*Problem description*: The lines below starting at the line containing "Unutarnje karakteristike" and ending at the line containing "kako biste uklju�þili" are to be repeated exactly, with both ends kept and nothing else added.

*Listed entries*:
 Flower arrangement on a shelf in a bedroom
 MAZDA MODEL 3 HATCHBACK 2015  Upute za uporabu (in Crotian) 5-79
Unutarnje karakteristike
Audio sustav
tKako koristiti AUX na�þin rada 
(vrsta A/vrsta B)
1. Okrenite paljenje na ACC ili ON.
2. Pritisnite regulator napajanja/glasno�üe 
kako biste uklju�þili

...

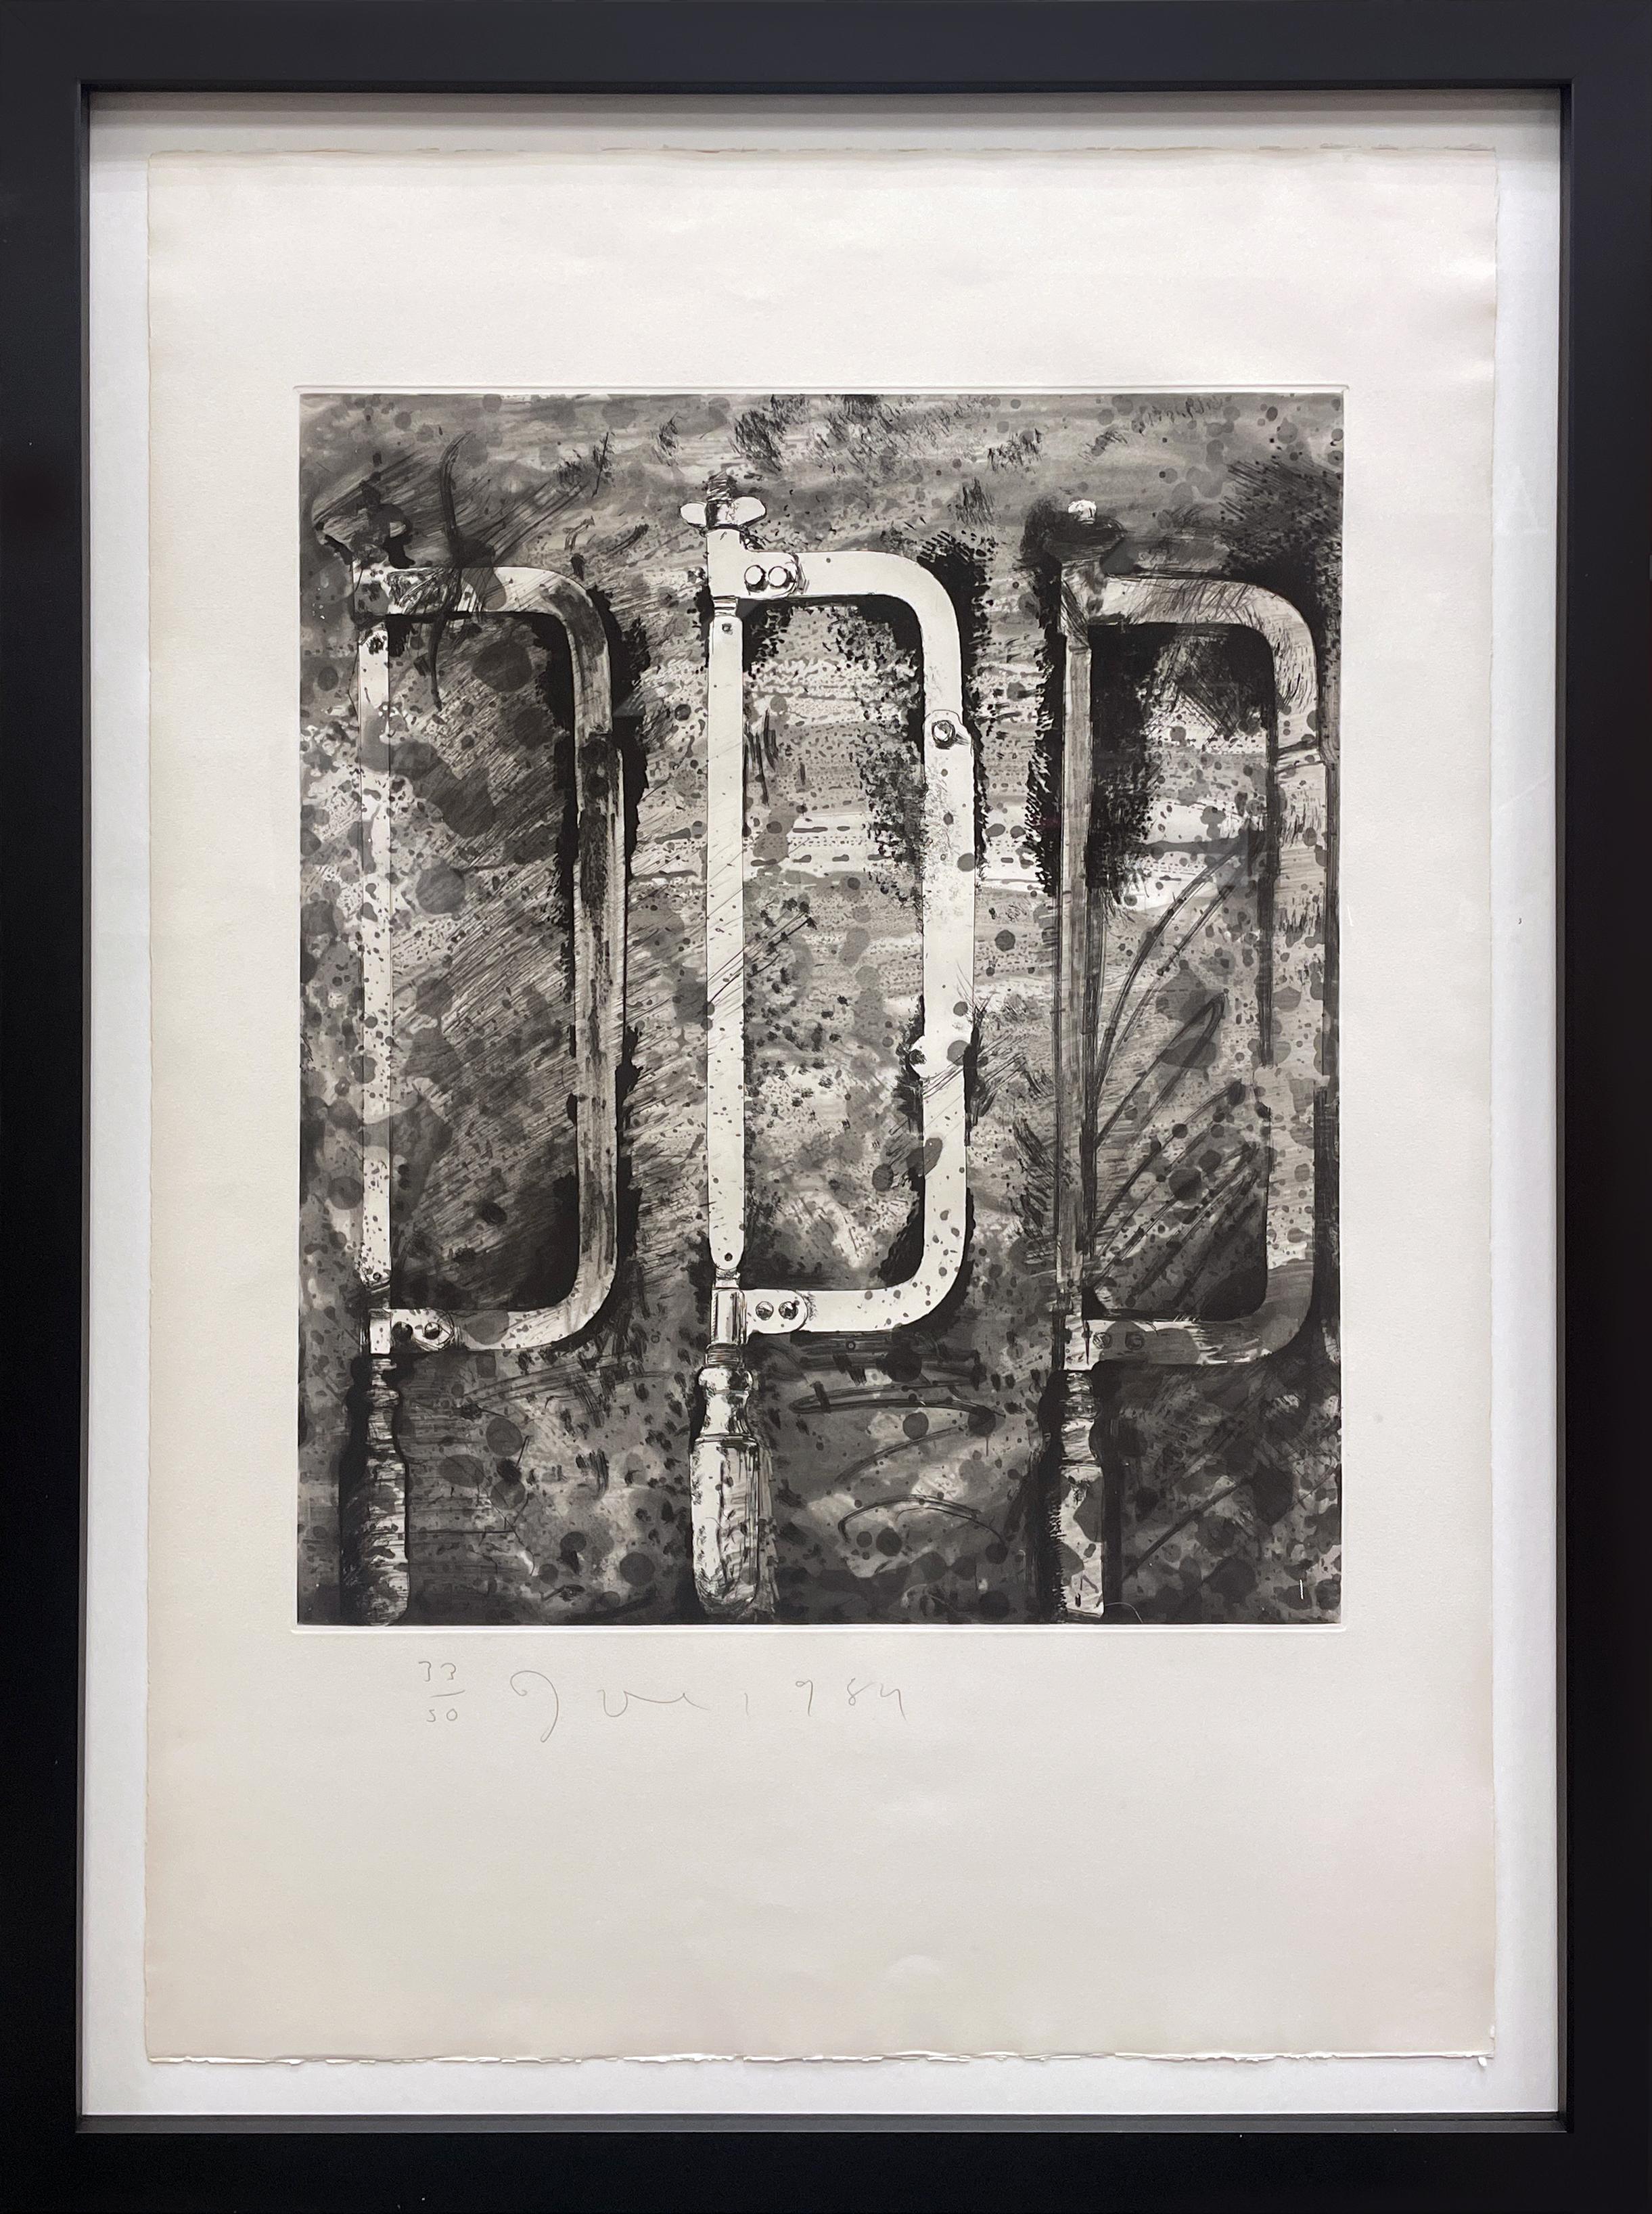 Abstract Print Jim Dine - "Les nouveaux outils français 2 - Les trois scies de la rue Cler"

*Solution to the exercise*:
Unutarnje karakteristike
Audio sustav
tKako koristiti AUX na�þin rada 
(vrsta A/vrsta B)
1. Okrenite paljenje na ACC ili ON.
2. Pritisnite regulator napajanja/glasno�üe 
kako biste uklju�þili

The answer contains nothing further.